Arginine Ethyl Ester HCL (AEE) is an arginine amino acid with an ester attached. Esters are organic compounds that are formed by esterification - the reaction of carboxylic acid and alcohols. Arginine Ethyl Ester can not be obtained via dietary means and must be obtained via supplementation.

What does it do and what scientific studies give evidence to support this?

Arginine Ethyl Ester is a new kind of arginine. It is, technically, an arginine derivative, so the ergogenic effects will be similar to those of regular L-arginine, but the presence of an ester will make the ergogenic effects of Arginine Ethyl Ester more pronounced.

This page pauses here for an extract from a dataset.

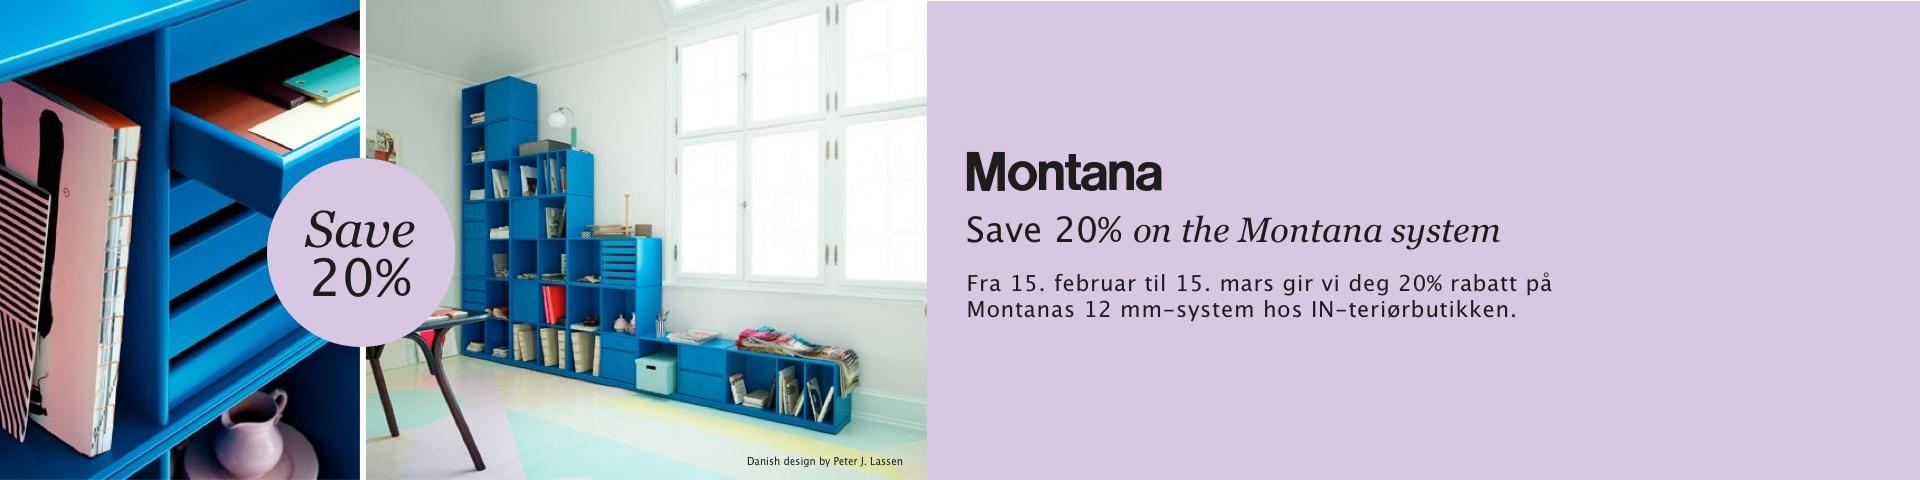 Save 20% on Montana system

As good as regular L-arginine is, it's inherently limited. The first of its limits are its limited absorption through the intestine. Whereas Arginine Ethyl Ester can pass through the intestine largely intact, regular L-arginine is mostly degraded in the intestine, leaving only trace amounts of the ingested dose active.

Because of the rapid breakdown of L-arginine in the intestine, its effects on NO2 regulation, sexual arousal, and hemodialation are limited. This rapid breakdown also limits the ability of L-arginine to promote muscular growth via increases in exercise endurance and the delivery of nutrients to working muscle tissue via the muscle pump.

Injury healing, muscle growth and cellular function are all positively impacted by L-arginine, and currently accepted models of arginine metabolism suggest that these processes may be positively impacted by Arginine Ethyl Ester to a greater degree.

The presence of the ester not only enhances the function of arginine and overcomes its inherent limitations, but the presence of an ester and increased absorption also reduce the need for large doses, which may put less stress on the body.

The presence of an ester may also prolong the generation of nitric oxide and extend the benefits of arginine over a greater time period. This may result in greater endurance, enhanced pumps, and quicker recovery from exercise.

Who needs it and what are some symptoms of deficiency?

Everyone may benefit from arginine ethyl ester supplementation - even persons for whom past l-arginine supplementation proved ineffective.

How much should be taken? Are there any side effects?

Dosage amounts for Arginine Ethyl Ester range from one to four grams daily for maximum ergogenic effect. Arginine Ethyl Ester is best consumed in divided doses throughout the day so as to ensure sustained arginine release.

Individuals with existing heart or psychiatric conditions should consult with their physician prior to supplementing with arginine-based products.

REFERENCES

1. Alternative Medical Review. 2002, Dec;7 (6):512-22.

2. Burnett AL. Novel nitric oxide signaling mechanisms regulate the erectile response. Int J Impot Res. 2004 Jun;16 Suppl 1:S15-9.